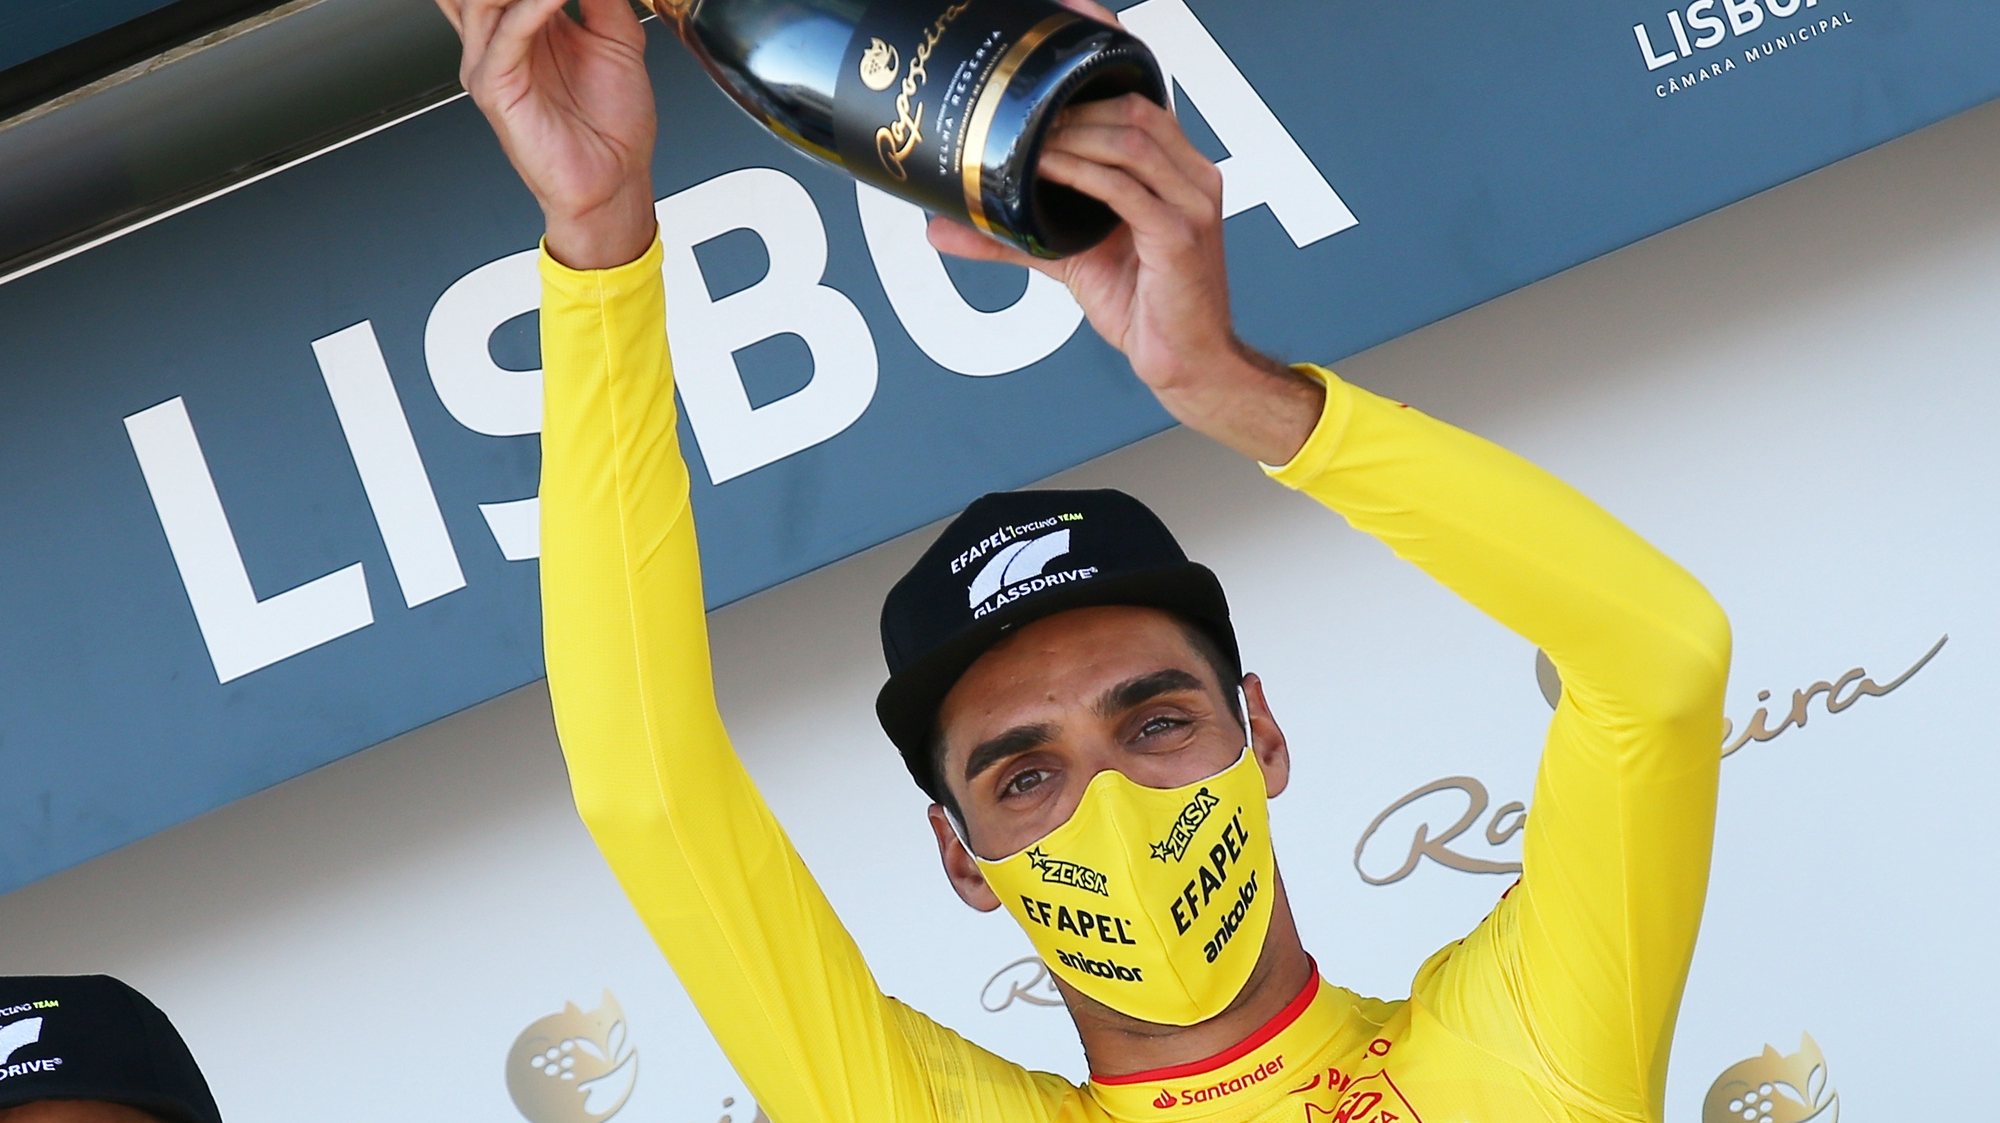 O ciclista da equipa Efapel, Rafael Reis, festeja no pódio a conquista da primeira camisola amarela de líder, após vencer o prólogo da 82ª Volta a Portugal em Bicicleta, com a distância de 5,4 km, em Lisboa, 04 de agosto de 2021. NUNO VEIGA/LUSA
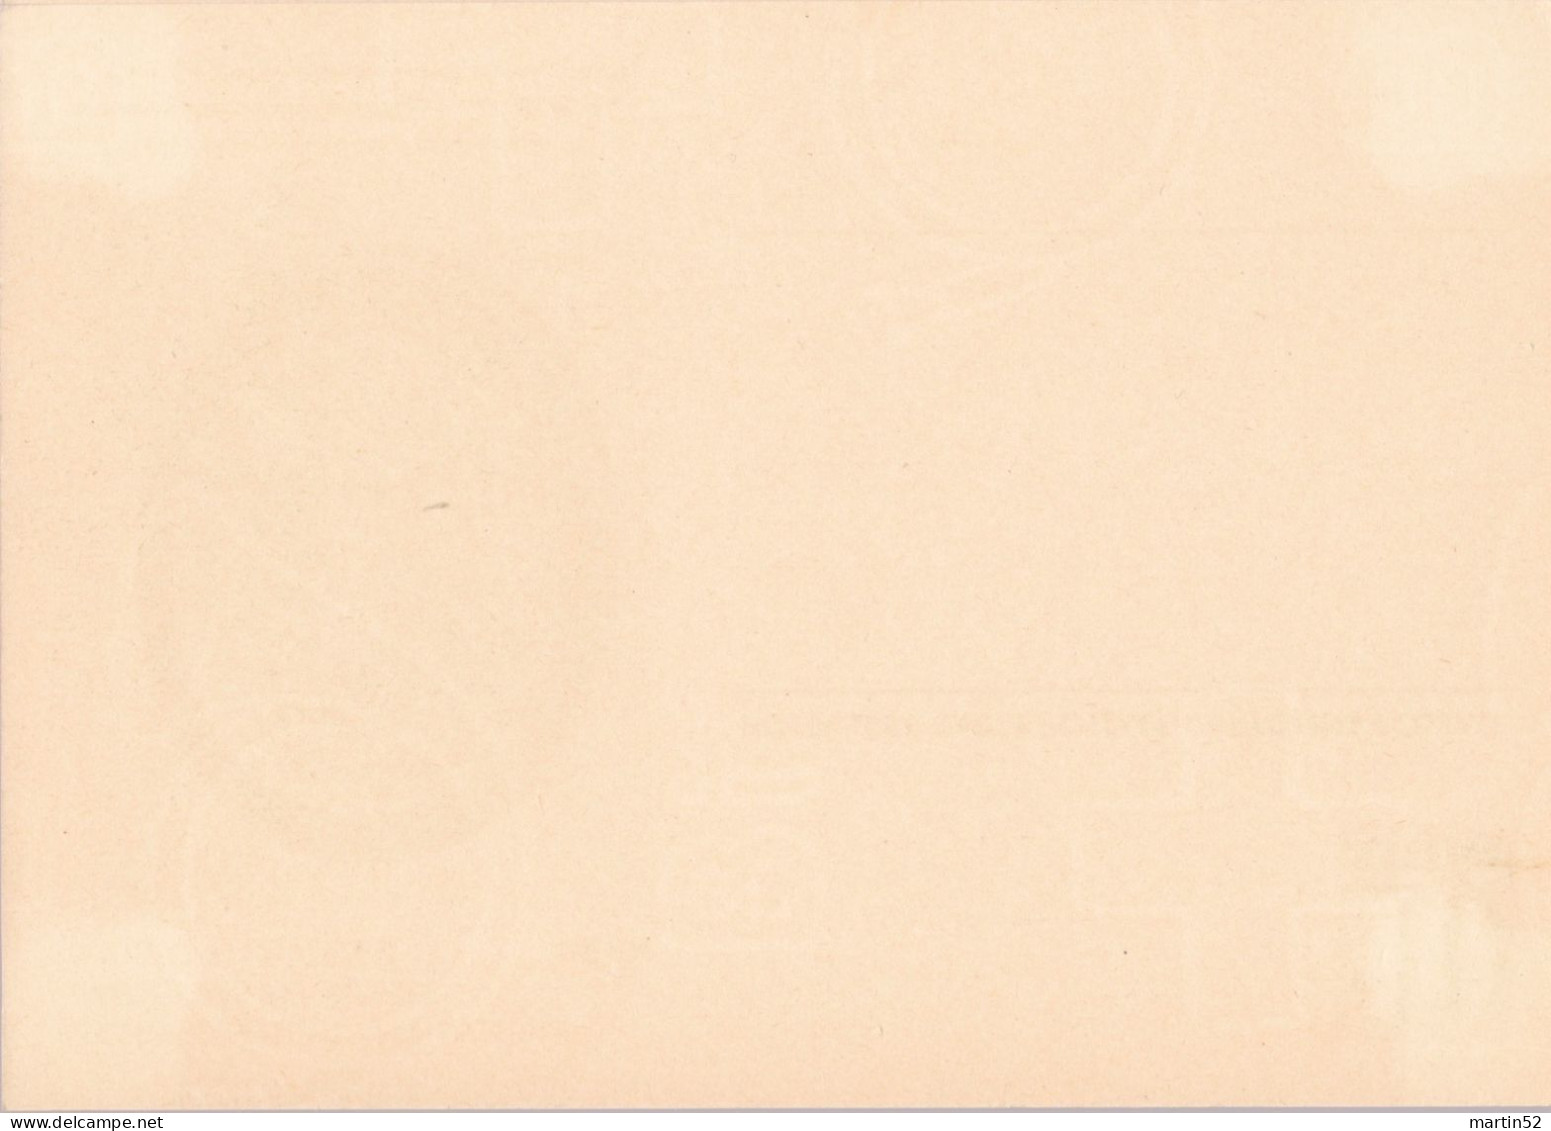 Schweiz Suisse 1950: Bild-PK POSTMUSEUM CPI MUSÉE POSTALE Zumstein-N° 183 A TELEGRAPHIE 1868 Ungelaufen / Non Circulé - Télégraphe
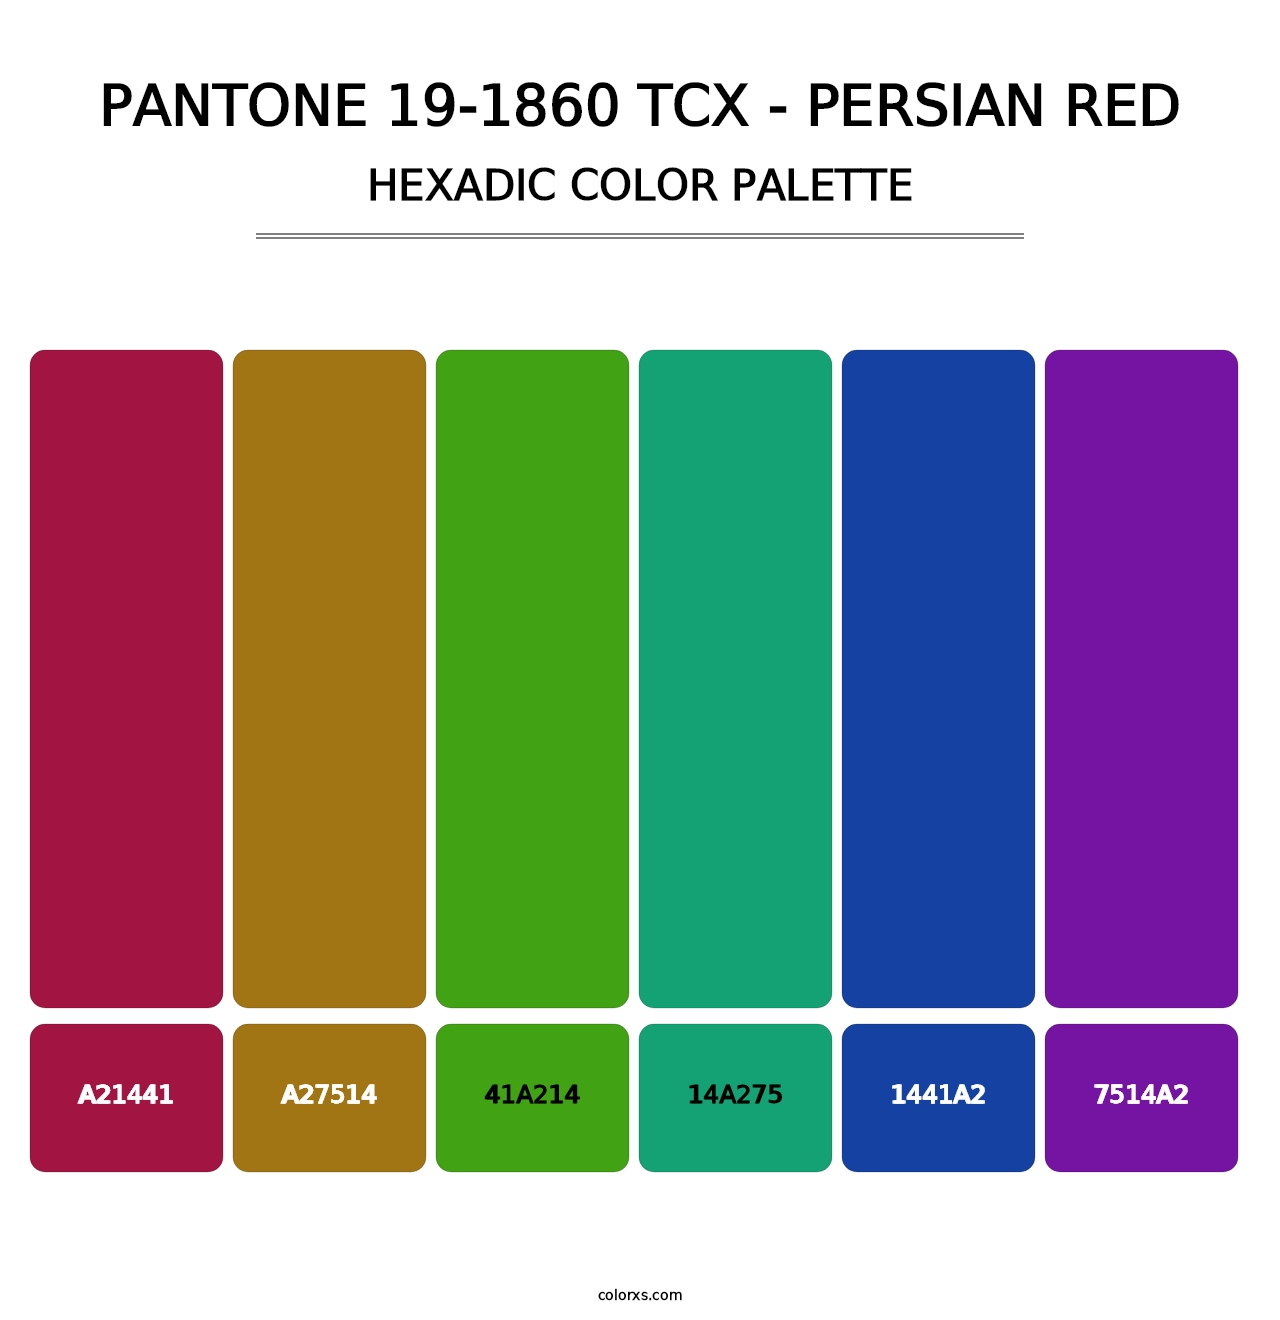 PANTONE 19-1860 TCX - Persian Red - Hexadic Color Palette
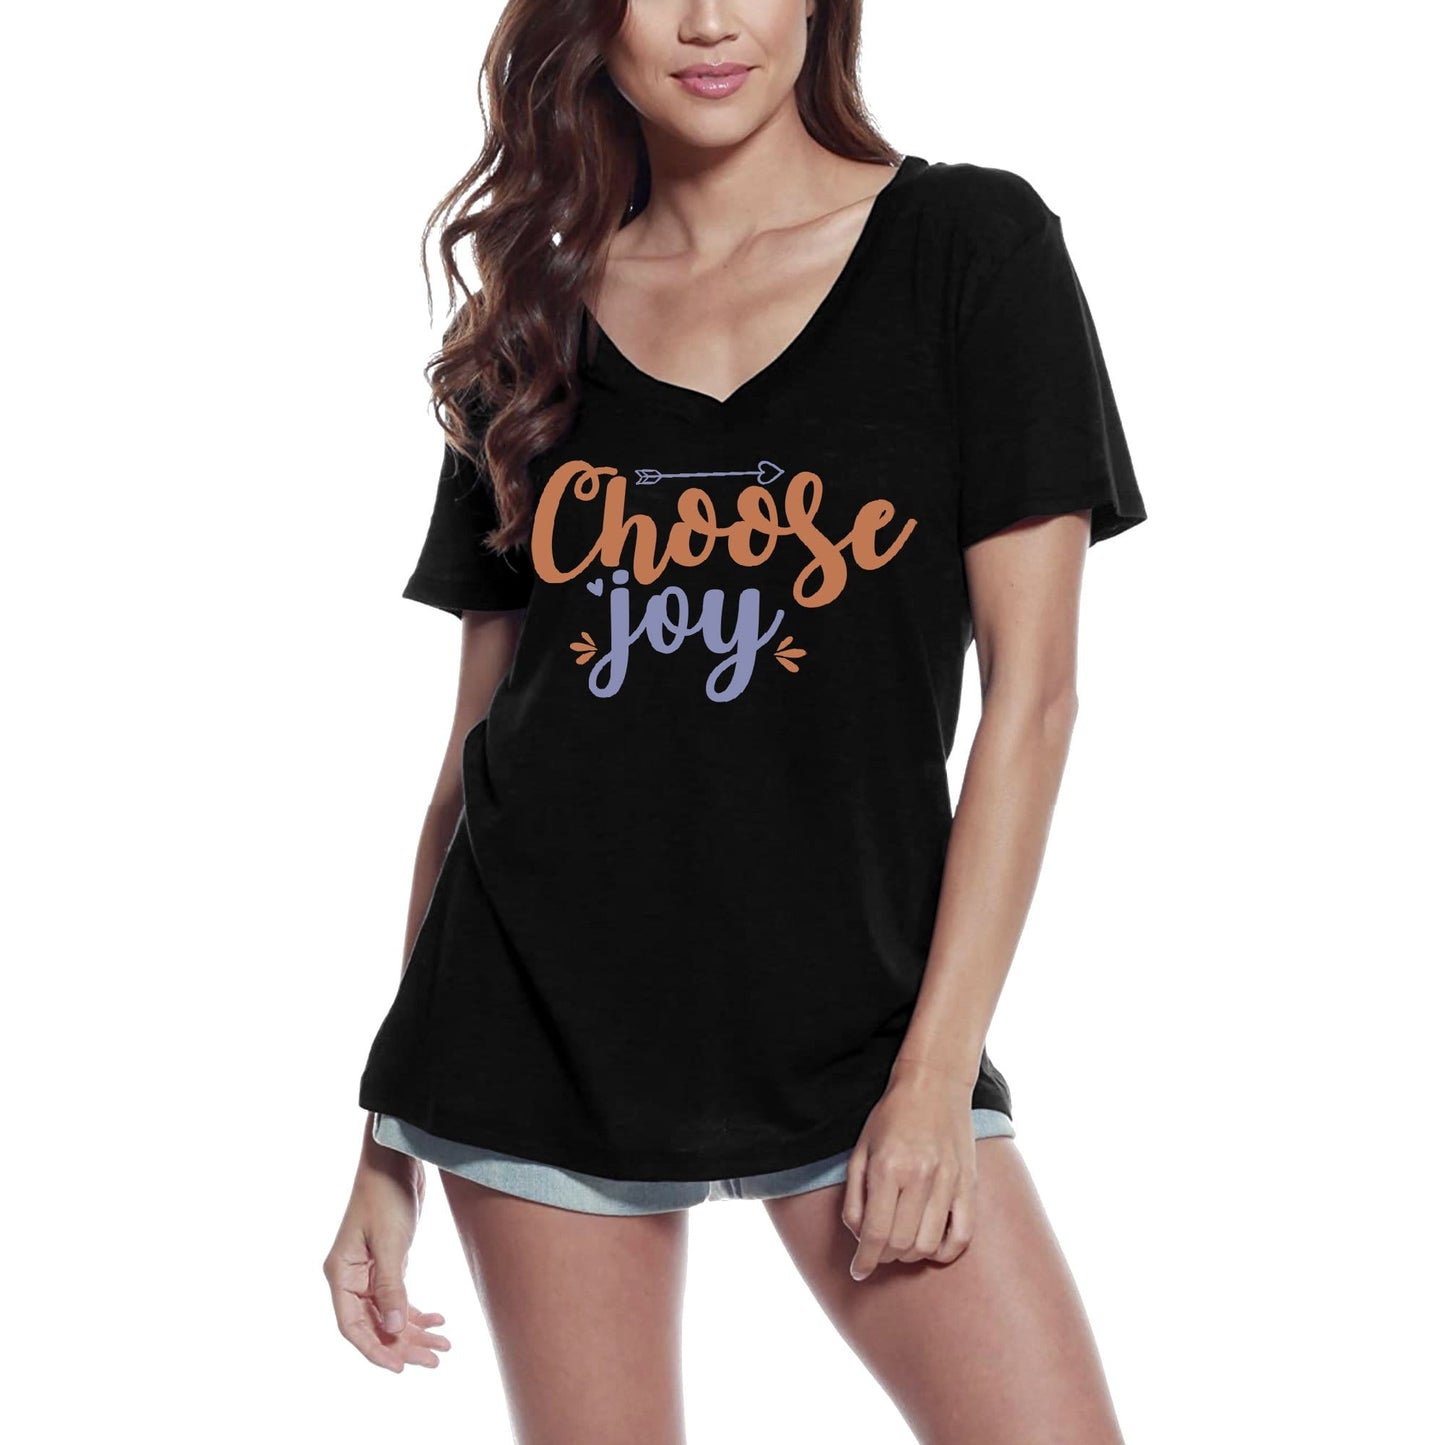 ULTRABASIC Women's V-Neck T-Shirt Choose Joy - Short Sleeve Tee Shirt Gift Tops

◆ Assignment
Please copy the data above character for character, skipping any pictures.

◆ Exercise output
 O ciclista da equipa Efapel, Rafael Reis, festeja no pódio a conquista da primeira camisola amarela de líder, após vencer o prólogo da 82ª Volta a Portugal em Bicicleta, com a distância de 5,4 km, em Lisboa, 04 de agosto de 2021. NUNO VEIGA/LUSA
 Schweiz Suisse 1950: Bild-PK POSTMUSEUM CPI MUSÉE POSTALE Zumstein-N° 183 A TELEGRAPHIE 1868 Ungelaufen / Non Circulé - Télégraphe
 PANTONE 19-1860 TCX - Persian Red - Hexadic Color Palette
 ULTRABASIC Women's V-Neck T-Shirt Choose Joy - Short Sleeve Tee Shirt Gift Tops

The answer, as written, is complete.